Worn Copy deserves a place in a museum, stored in a vitrine and observed with hushed regard. It’s indisputably a pure burst of unmatched, solitary creativity. The only question left is which one: the Folk Art Museum or the Museum of Television and Radio.


On the side of the short-wave buffs, Worn Copy is a premier example of the influence radio has had on American culture. The 75 minutes of song pastiche bear the influence of popular rock, dance, and soul from the latter half of the twentieth century, but not the clear sound of new vinyl on a hi-fi, or the blasting electricity of a live performance. This is an album written by someone whose primary source of music must have been a radio. The sounds phase in and out, their volumes changing as if the signal has briefly disappeared. The tones are fuzzy and muted, with the same lack of highs and lows that brought AM radio to its knees at the arrival of the sharper FM. Songs switch styles as abruptly as a listless hand surfing the stations.


The songwriter and musician, Ariel Pink, who created and recorded Worn Copy almost entirely on his own, mixes psychedelic ‘60s rock, ‘70s Californian jazz-funk, and ‘80s pop of Duran Duran and the Cars. These 8-track recordings can be both deceptively accomplished and then suddenly drop all pretense of technique, such as in the reverb-heavy “One on One”, which feels like a meeting of the minds between the Velvet Underground and Jefferson Airplane.


Like most of us, Pink seems to have received the majority of his early exposure to popular music through radio, whether the faint sounds of college stations or the afternoon drive-time rock station. An impressive aspect of this influence is the incorporation into his songs of an essential element of commercial radio: the commercials. The track “Credit” turns a satirical commercial jingle into the song’s core melodic hook, as inane and insanely unforgettable as any real one. “Cable Access Follies”, a trashcan funk track with layered, bass vocals, emotionally glorifies the joys of cable TV.
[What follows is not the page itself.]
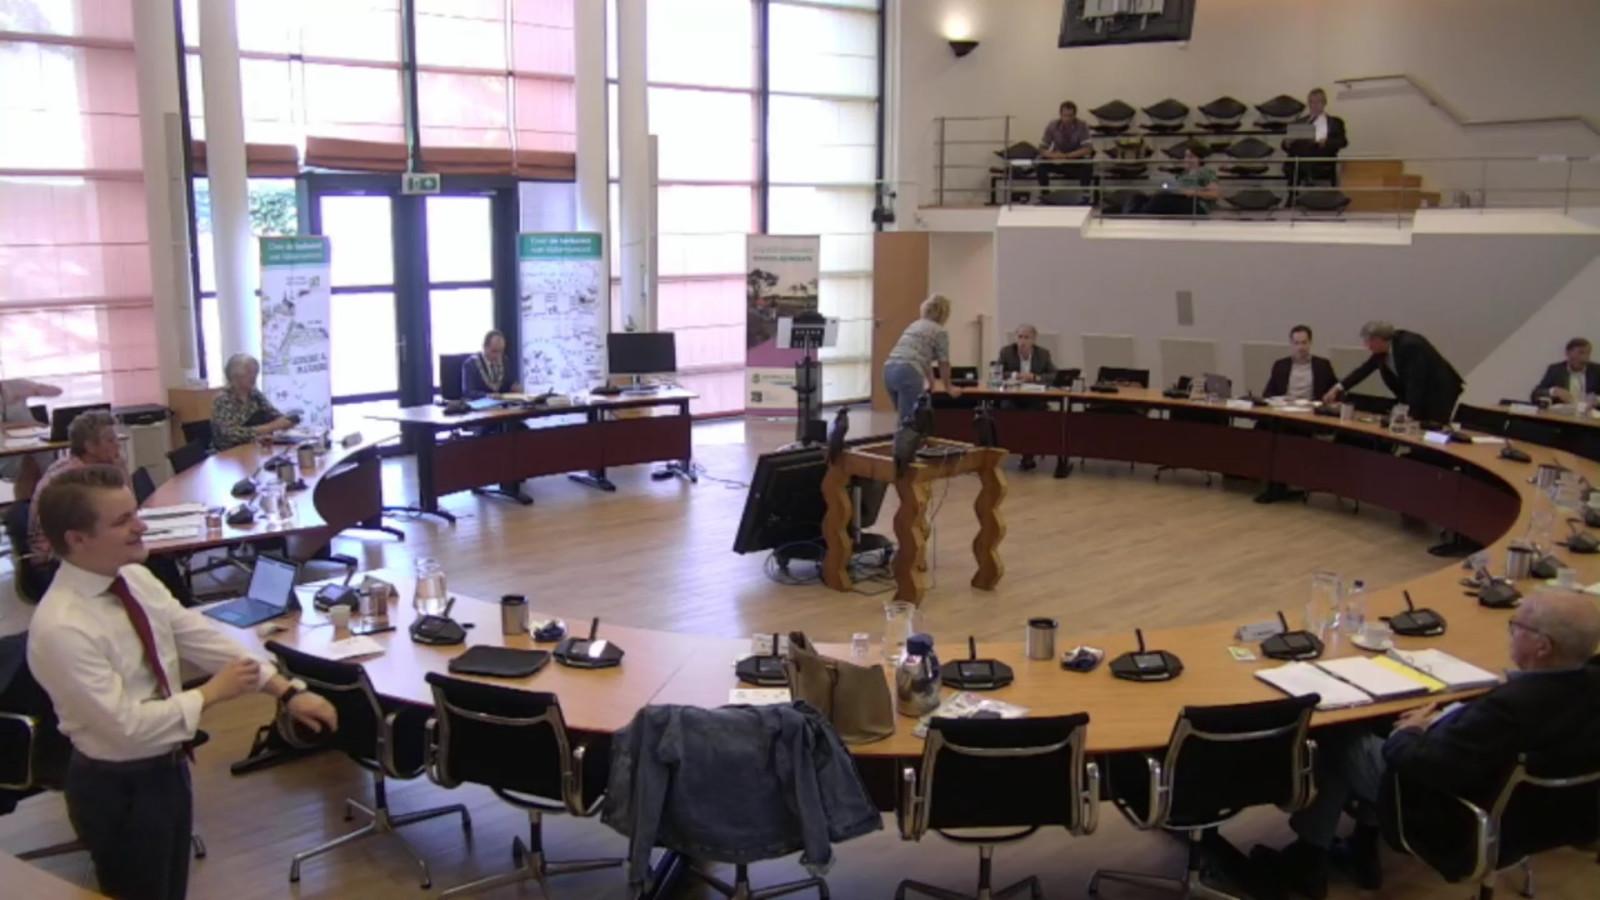 Beeld van de raadsvergadering in Valkenswaard van donderdag 28 mei 2020.

His record might be a useful cultural artifact for the Smithsonian, but as an artist he clearly seems more comfortable in the realm of outsider artists rather than the gallery establishment. Pink seems almost begging to be labeled a “freak.” The publicity photo that came with the CD showed Pink shirtless and strung out, his contorted face covered in what I have to assume is only stage blood. His combination of self- and mass-produced elements to create an original yet uncomfortably familiar final work makes for an easy fit with the outsider art of such visual artists as Henry Darger and Eugene Von Bruenchenheim. Like these solitary artists, Pink created hundreds of songs by himself. The lengthy Worn Copy is nothing compared to the potential magnum opus he might have arranged.


But Pink is not a freak. Outsider status is just like any other artistic authenticity debate—cool, punk, and now freak are intangible labels that can really only be conferred posthumously. Pink is very much alive, and no longer a misunderstood loner. For one, he’s enjoying some moderate recognition while still alive, something most outsider artists almost by definition never do. Darger and Bruenchenheim might never have been moved to create such vast collections of bizarre artwork if they had been given attention in their own time (Darger’s drawings might easily have got him arrested, even). Like Devendra Banhart, another young singer crowned with the dubious appellation of “freak,” a continuing, successful career as a musician almost instantly tarnishes the crown.


Worn Copy is a reissue of an older record, its material recorded in 2002 and 2003. His first record for Paw Tracks, The Doldrums, appeared last year but was recorded between 1999 and 2000. What can come next? The music of 1997 to 1998, or will Pink be able to return to his hermitage in California and, impervious to his recent shades of success and attention, create another epic ramble as compelling and singular as Worn Copy? I’m not sure what effect it might have on the man’s sanity, but for the listener’s sake I can’t help but wish that he’d been left undiscovered for a few more years, able only to tune in to his own inner bandwidth for comfort.